For this exercise, retype all the data exactly and exclude every image.

◆ **Given data**:
---

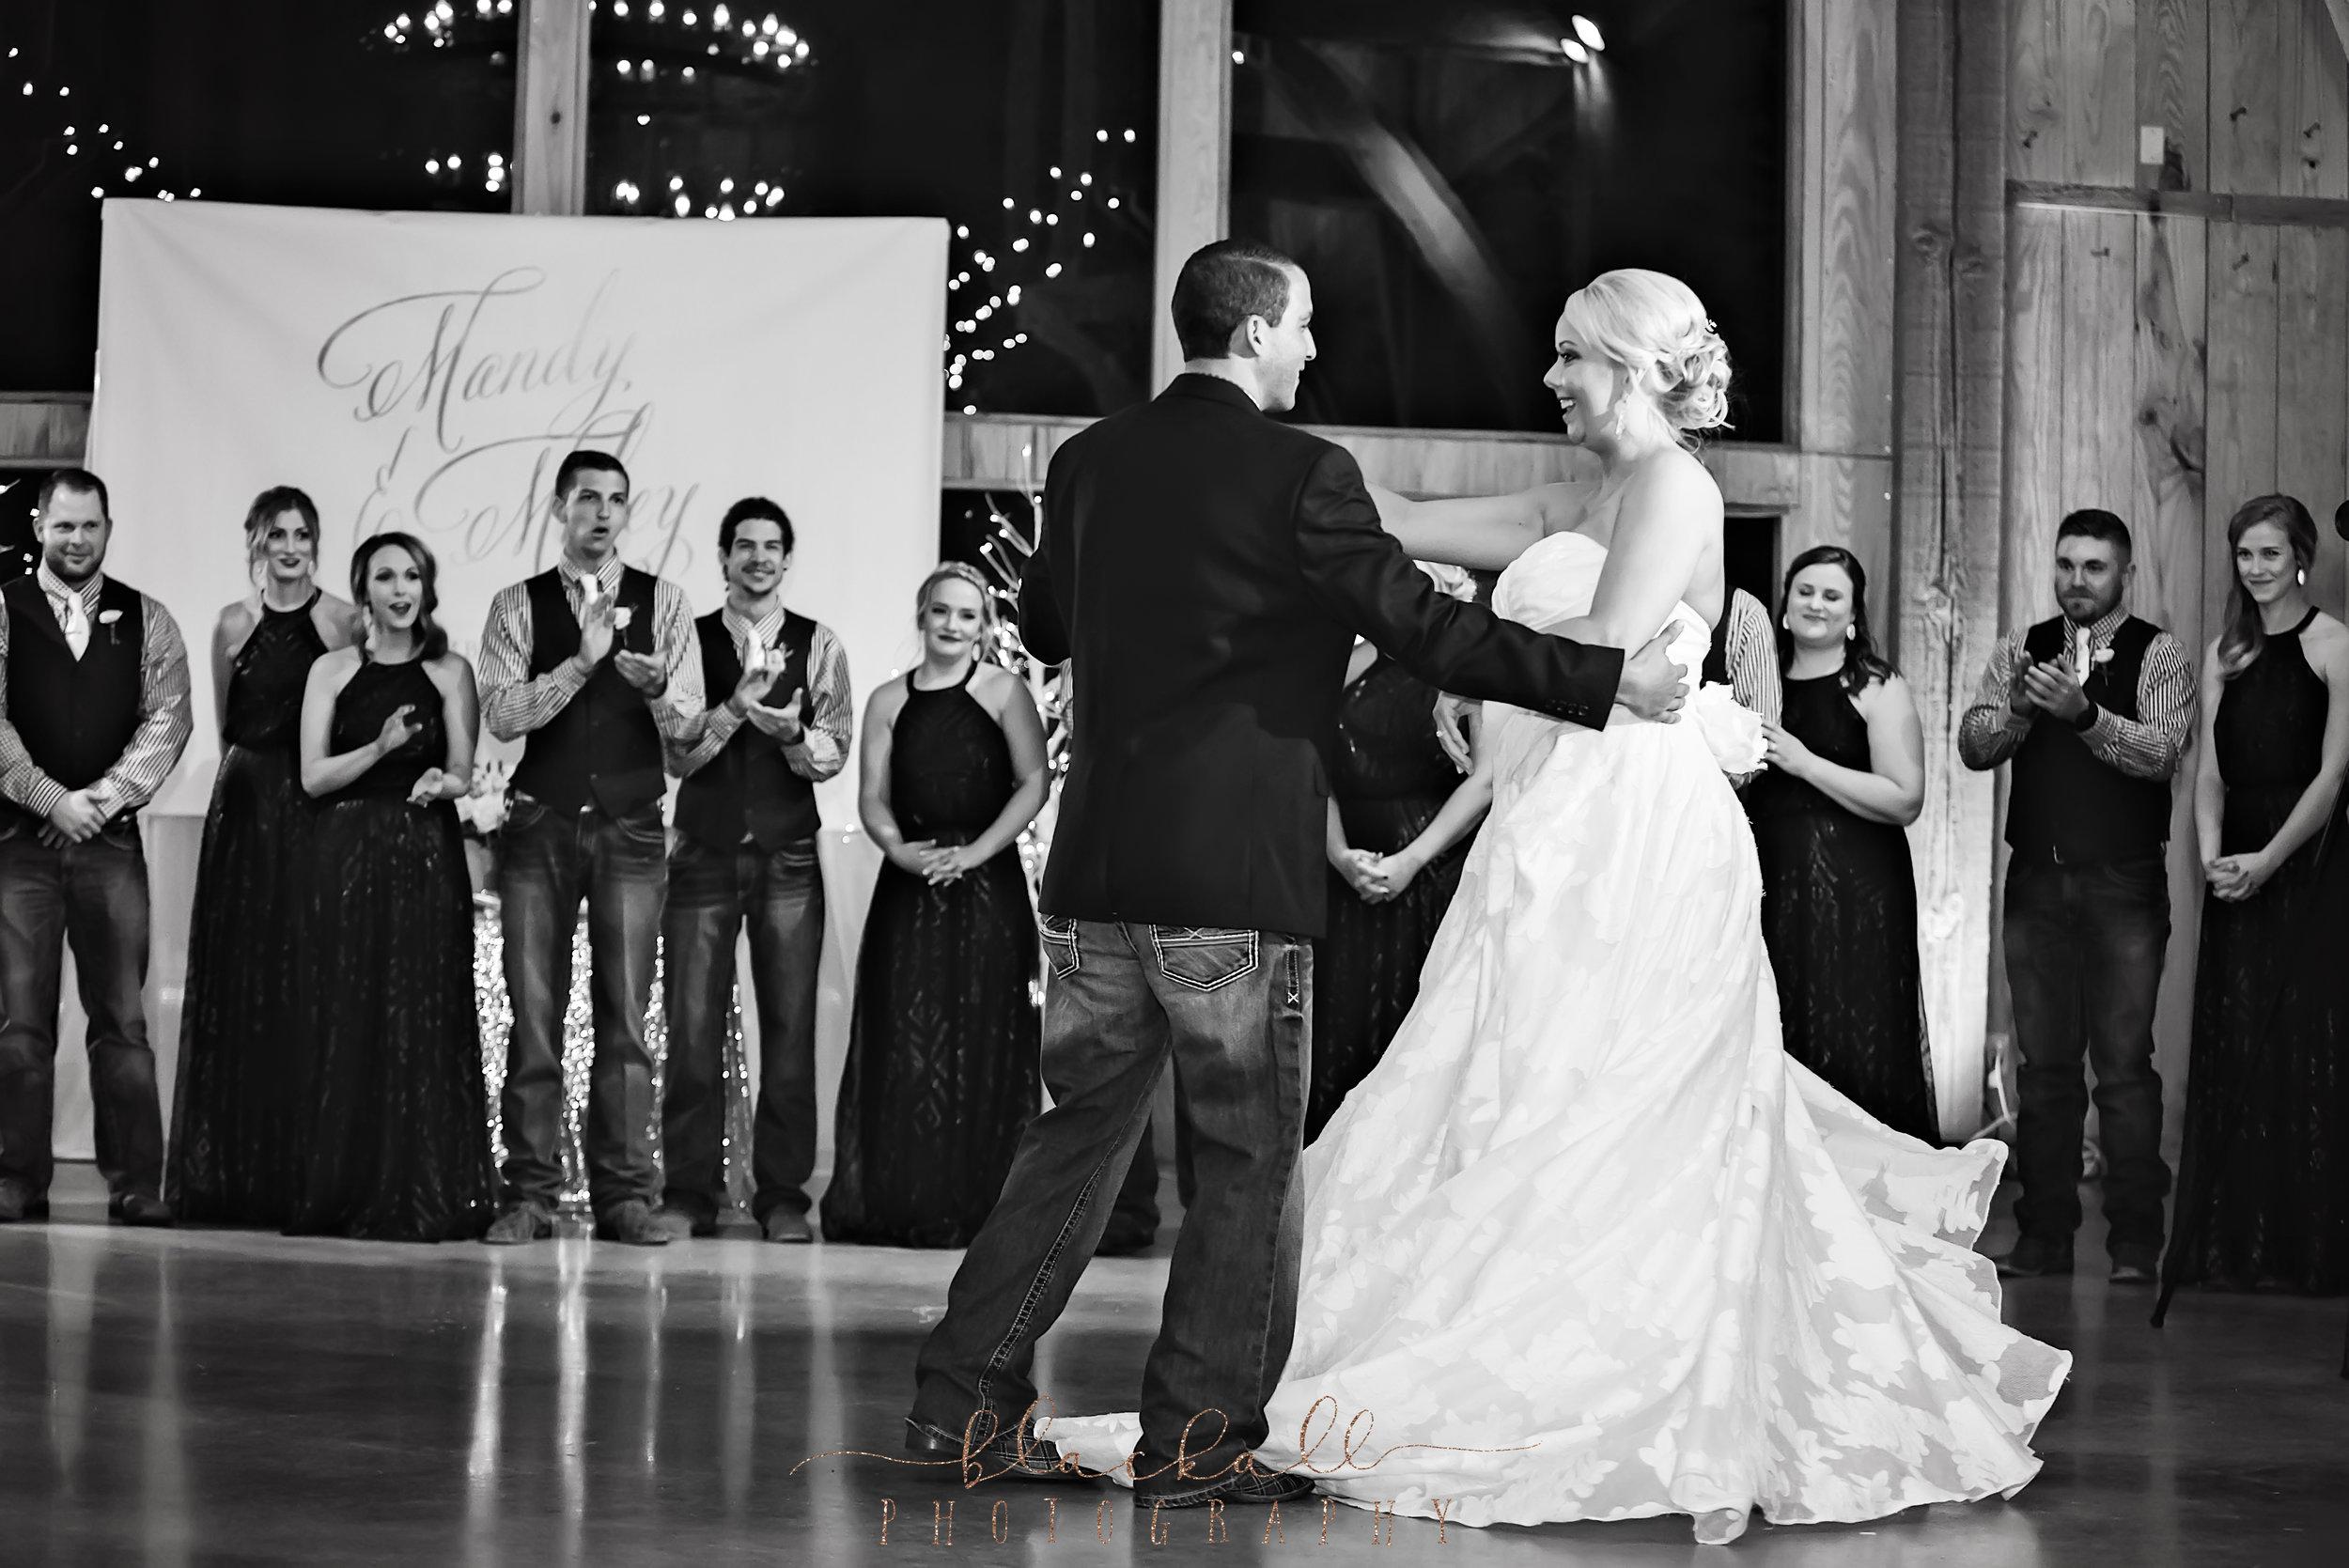 M&M WEDDING_Blackall Photography-54.JPG
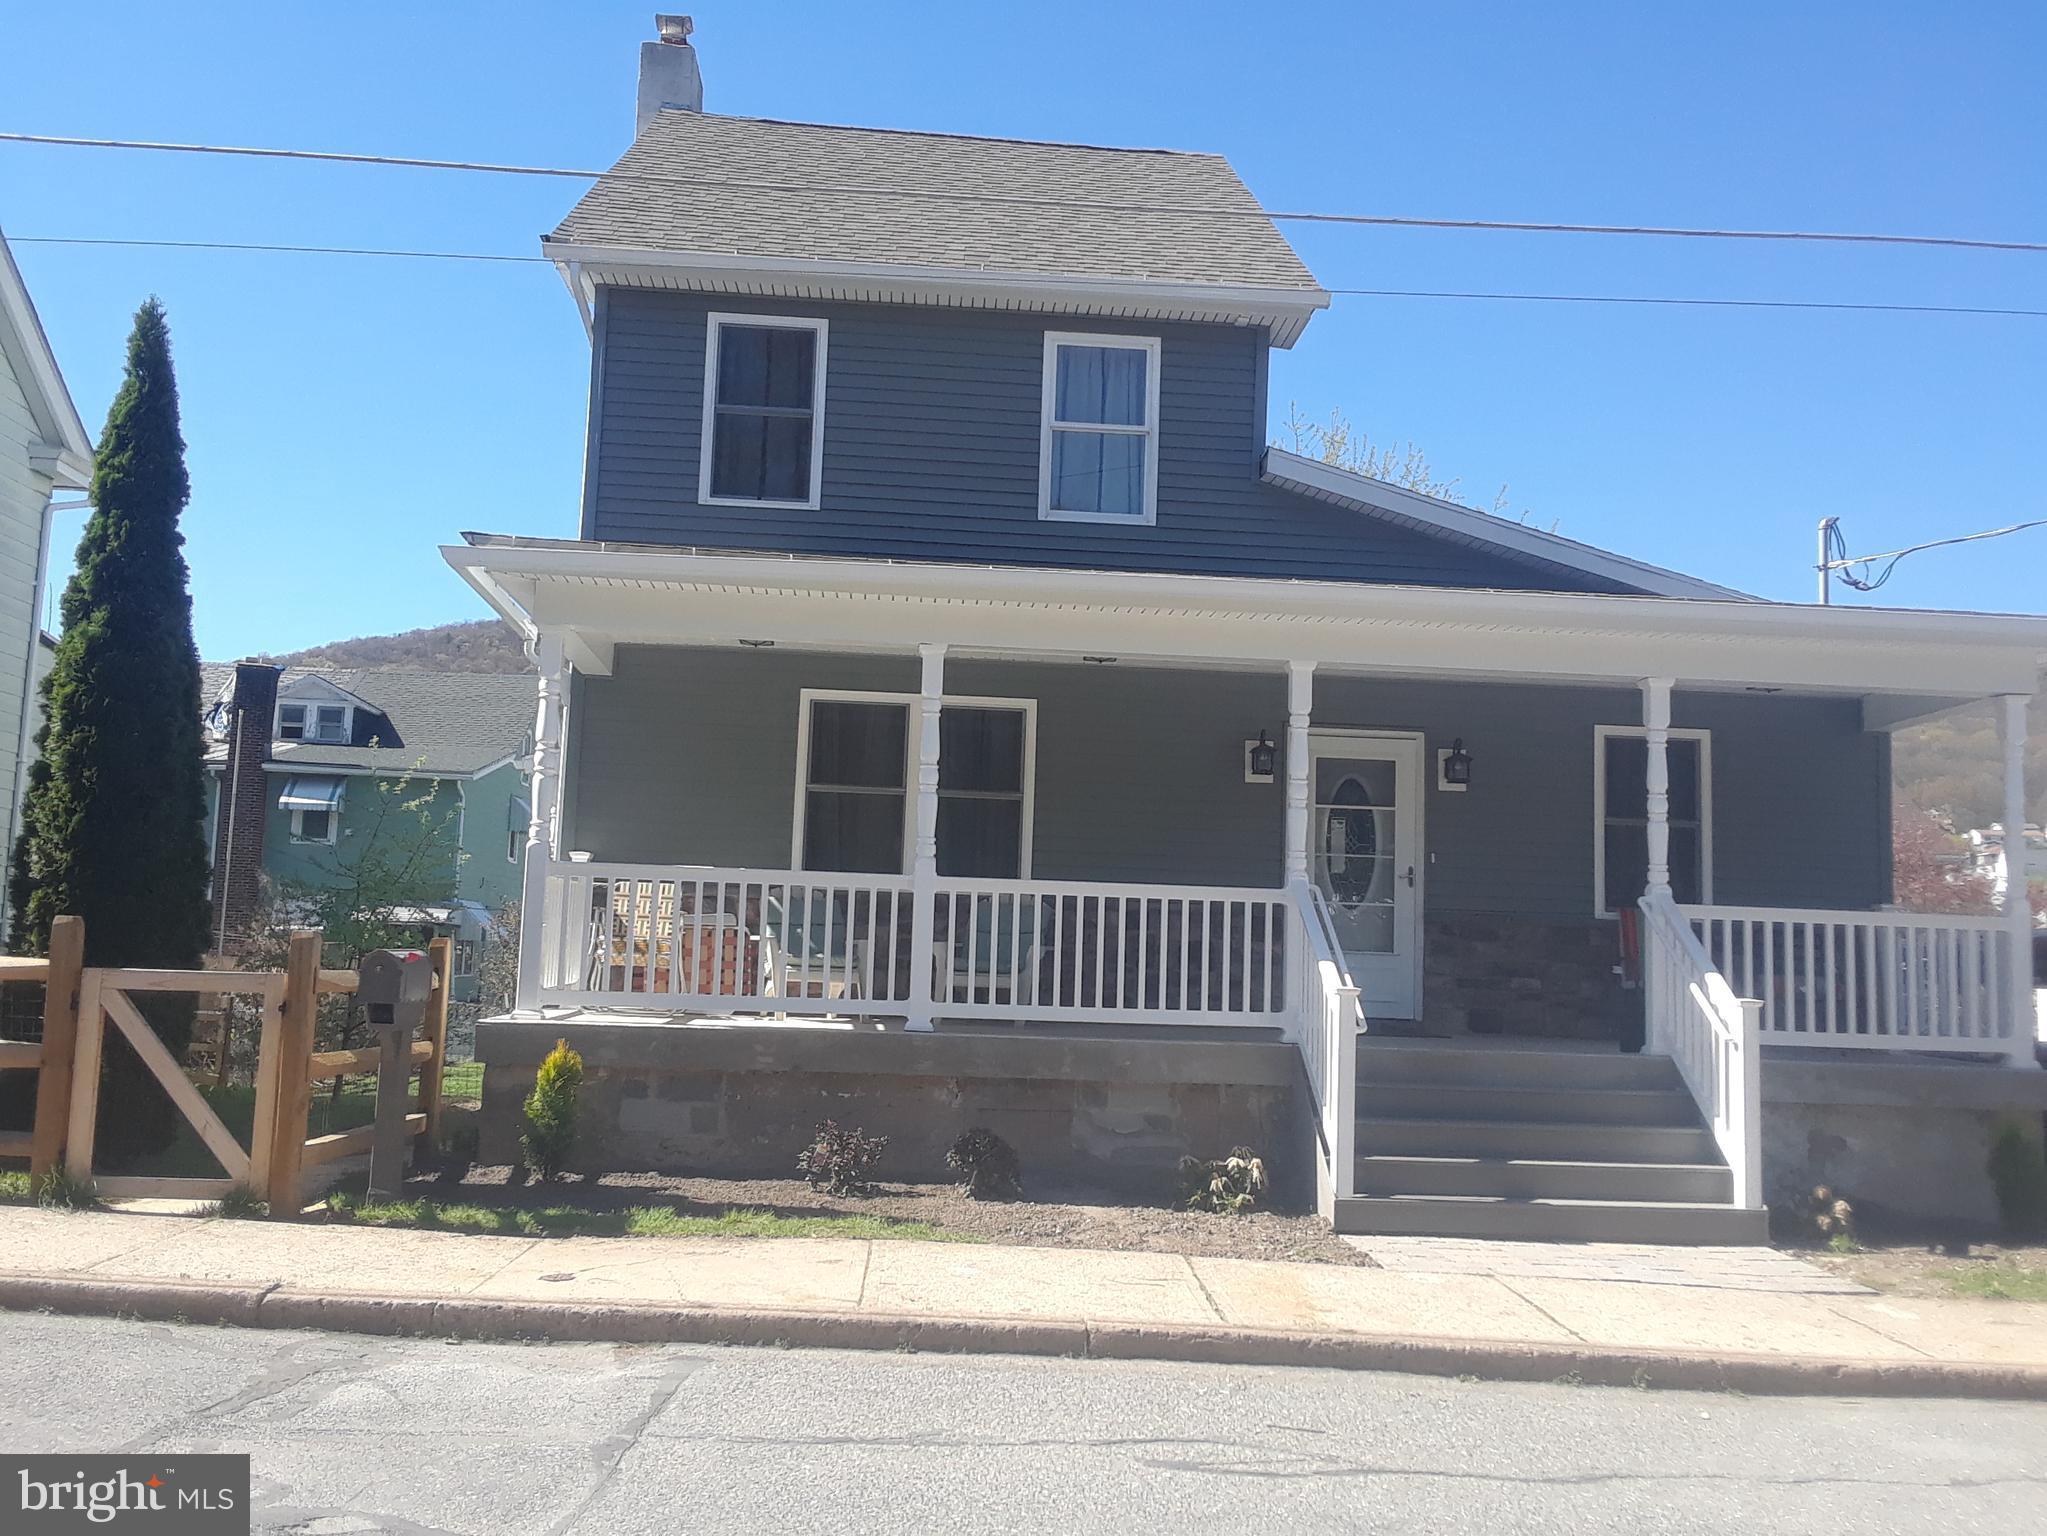 26 COAL STREET, NESQUEHONING, PA 18240
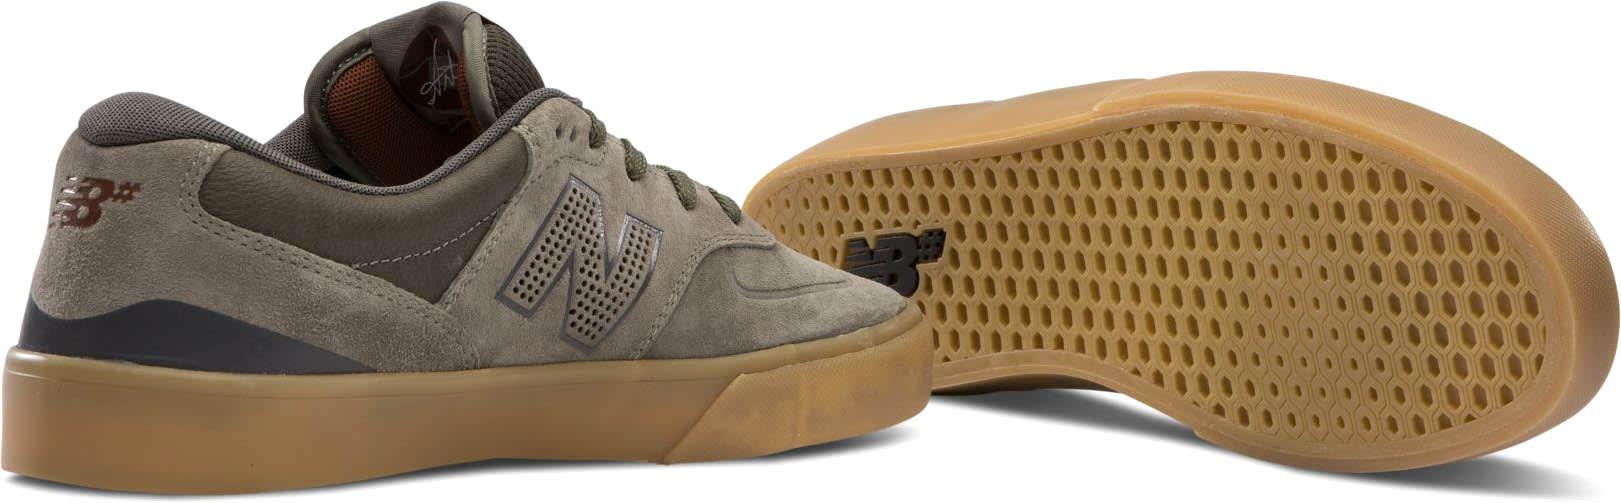 a01b91d18741c New Balance Numeric Arto 358 Skate Shoes - thumbnail 3

---

◆ **Response**:
 M&M WEDDING_Blackall Photography-54.JPG
 26 COAL STREET, NESQUEHONING, PA 18240
 a01b91d18741c New Balance Numeric Arto 358 Skate Shoes - thumbnail 3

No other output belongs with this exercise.